[Bug] OCR-related task return unicode instead of UTF-8 character
Checklist
- [X] 1. I have searched related issues but cannot get the expected help.
- [X] 2. The bug has not been fixed in the latest version.
- [X] 3. Please note that if the bug-related issue you submitted lacks corresponding environment info and a minimal reproducible demo, it will be challenging for us to reproduce and resolve the issue, reducing the likelihood of receiving feedback.
Describe the bug
When input image have non-ascii character (especially Chinese character/japanese hiragana, katakana, kanji), model will return unicode \uxxxx instead of the character directly.
For example:
The image features two characters, both female, with long hair and holding assault rifles.

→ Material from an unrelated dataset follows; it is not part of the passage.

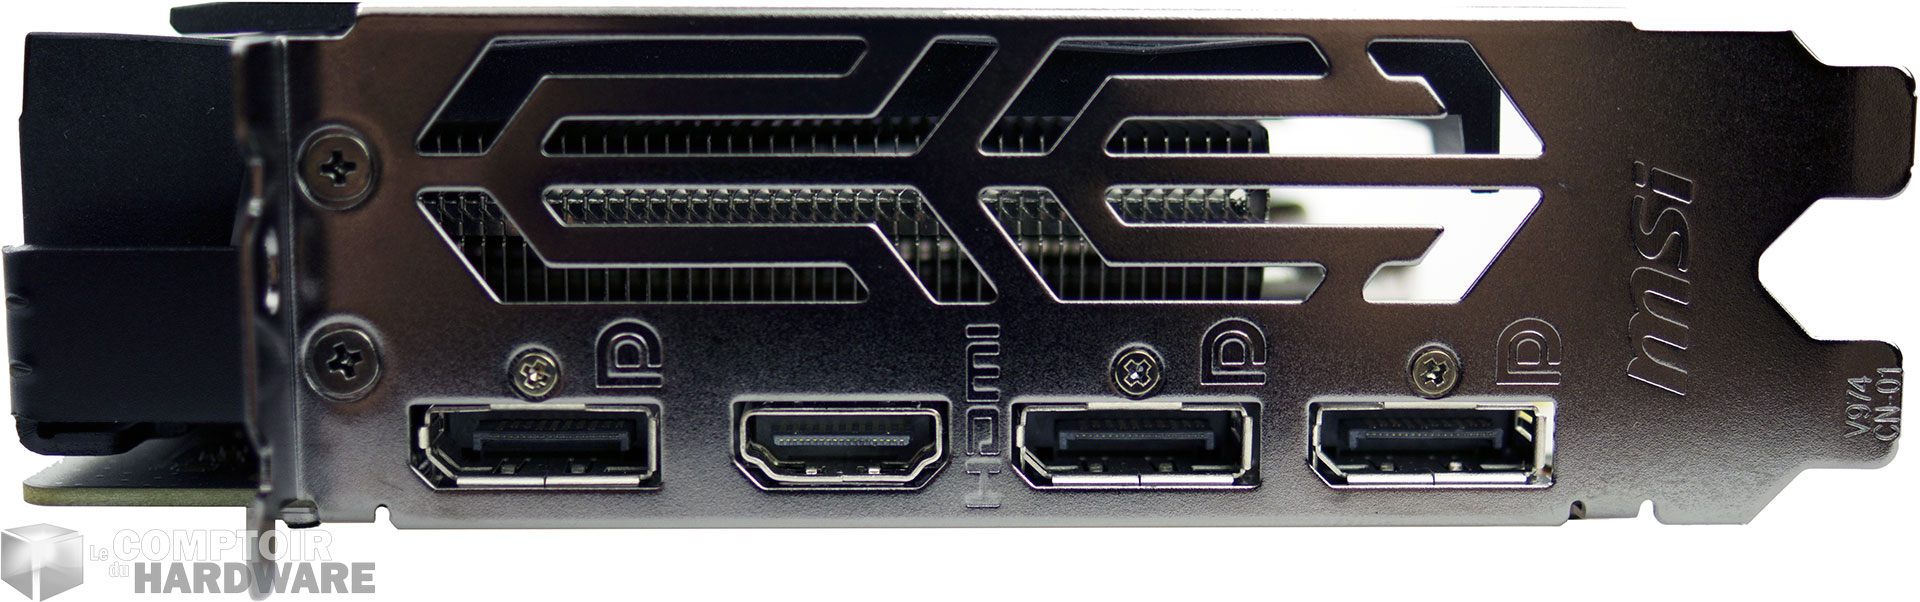 MSI GTX 1650 SUPER : connecteurs vidéo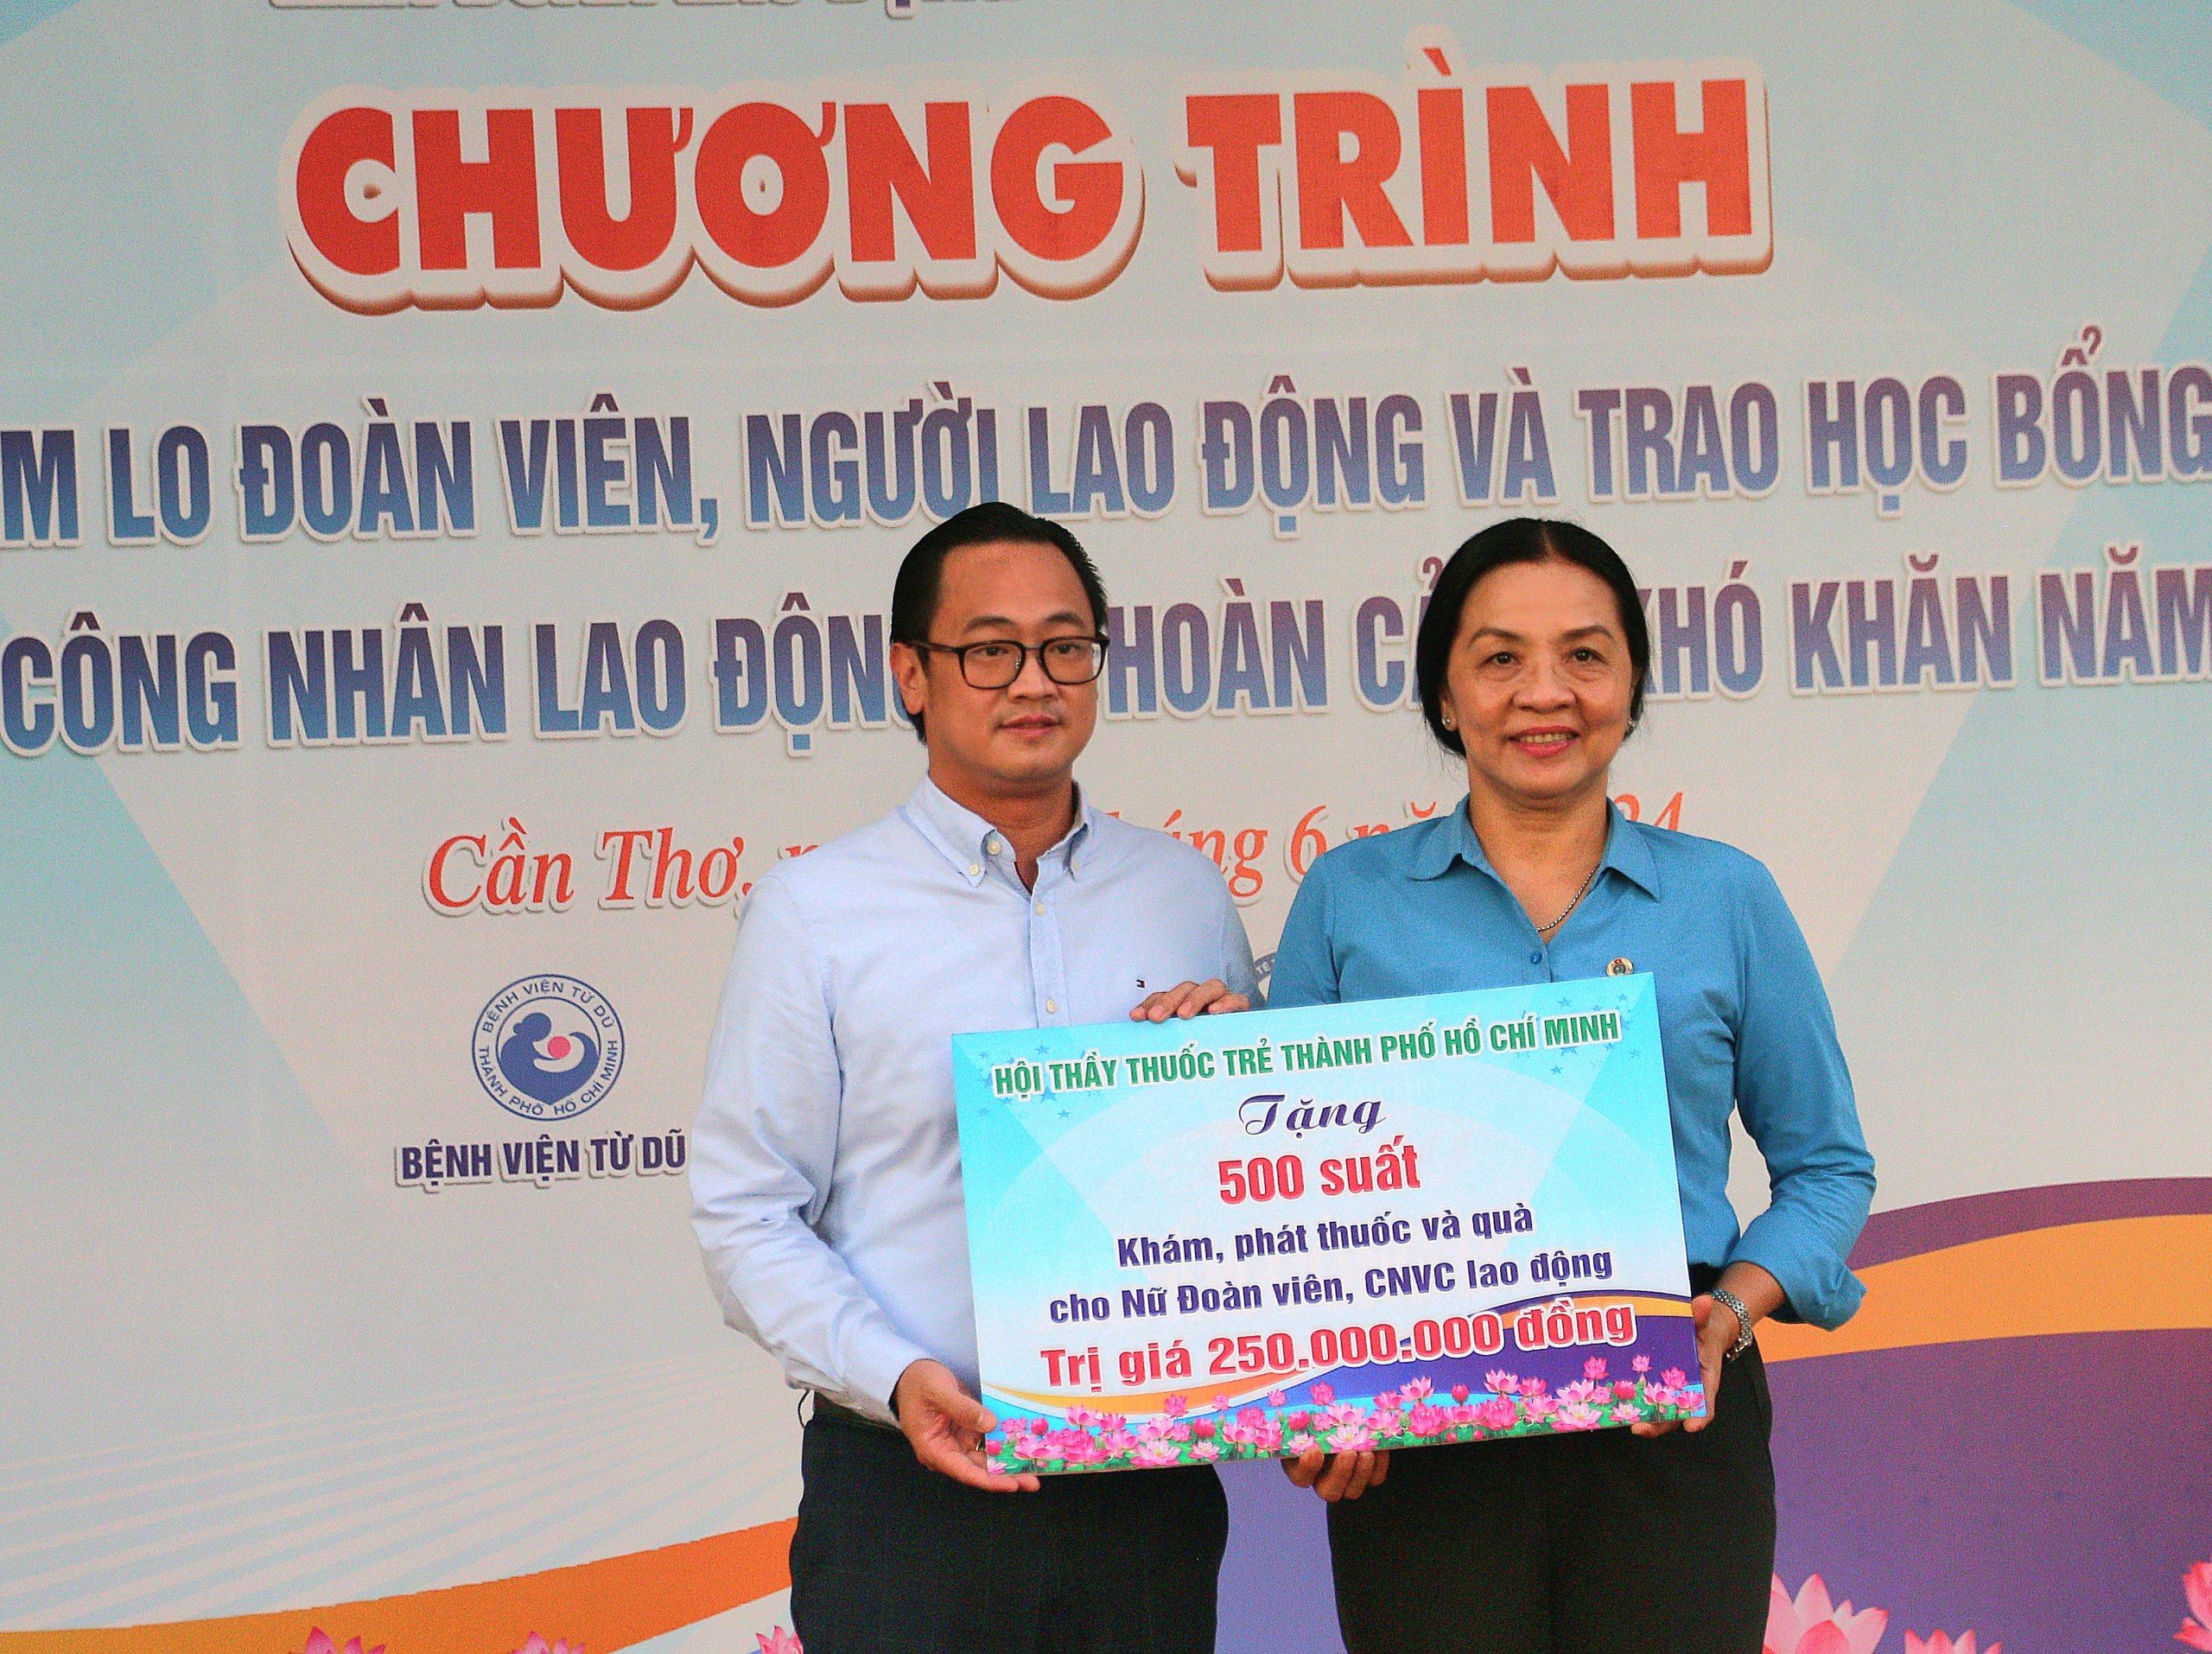 Đại diện Hội Thầy thuốc trẻ TP. Hồ Chí Minh trao bảng tượng trưng tặng 500 suất khám, phát thuốc và quà cho nữ Đoàn viên, CNVC lao động trị giá 250 triệu đồng.

The character on the left has orange hair and is wearing a military uniform with a skirt, thigh holster, and brown ankle boots.
She has a necklace and a bracelet, and is standing on one leg with her mouth open, looking at the viewer.
The character on the right has brown hair and is wearing a military uniform with a belt, brown knee-high boots, and fingerless gloves. She is also holding an assault rifle and has a pouch attached to her thigh.
Both characters have a simple white background.", "response_text": "The image contains text.
On the left side, there is text that reads "IMI GALIL" in large, bold letters, followed by "\u52a0\u5229\u5c14" in smaller text.
Below this, there is a section titled "BIOGRAPHY \u4eba\u7269\u7b80\u4ecb" with a rating scale and a description in Chinese characters.
The text is in a simple, clean font and is located in the upper left corner of the image.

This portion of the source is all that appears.